Most of the power supply failure indicator circuits need a separate power-supply for them-selves. But the alarm circuit presented here needs no additional supply source. It employs an electrolytic capacitor to store adequate charge, to feed power to the alarm circuit which sounds an alarm for a reasonable duration when the mains supply fails. During the presence of mains power supply, the rectified mains voltage is stepped down to a required low level.
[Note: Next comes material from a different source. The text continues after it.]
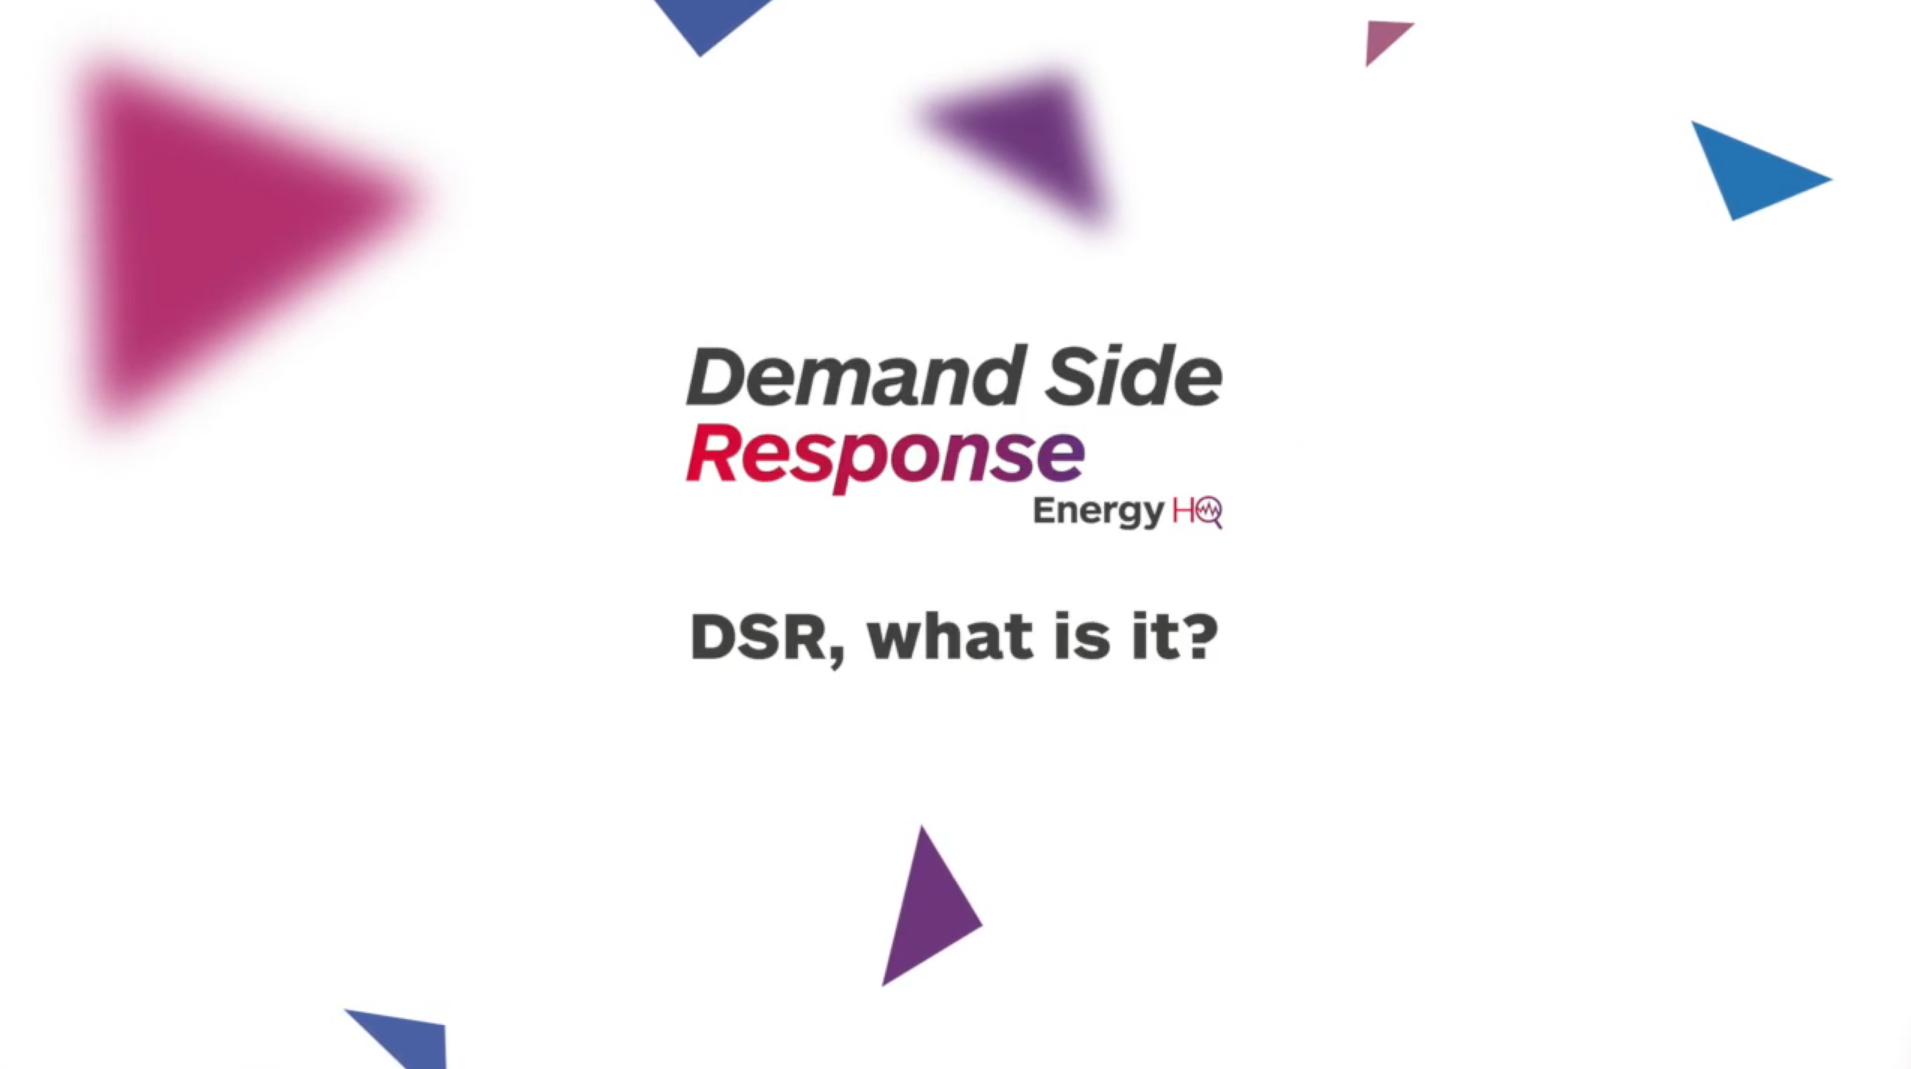 DSR, what is it?

Power Supply Failure Alarm Circuit Diagram:
A zener is used to limit the filtered voltage to 15-volt level. Mains presence is indicated by an LED. The low-level DC is used for charging capacitor C3 and reverse biasing switching transistor T1. Thus, transistor T1 remains cut-off as long as the mains supply is present. As soon as the mains power fails, the charge stored in the capacitor acts as a power-supply source for transistor T1. Since, in the absence of mains supply, the base of transistor is pulled ‘low’ via resistor R8, it conducts and sounds the buzzer (alarm) to give a warning of the power-failure.
With the value of C3 as shown, a good-quality buzzer would sound for about a minute. By increasing or decreasing the value of capacitor C3, this time can be altered to serve one’s need. Assembly is quite easy. The values of the components are not critical. If the alarm circuit is powered from any external DC power-supply source, the mains supply section up to points ‘P’ and ‘M’can be omitted from the circuit.
Following points may be noted:
1. At a higher DC voltage level, transistor T1 (BC558) may pass some collector-to-emitter leakage current, causing a continuous murmuring sound from the buzzer. In that case, replace it with some low-gain transistor.
2. Piezo buzzer must be a continuous tone version, with built-in oscillator. To save space, one may use five small-sized 1000µF capacitors (in parallel) in place of bulky high-value capacitor C3.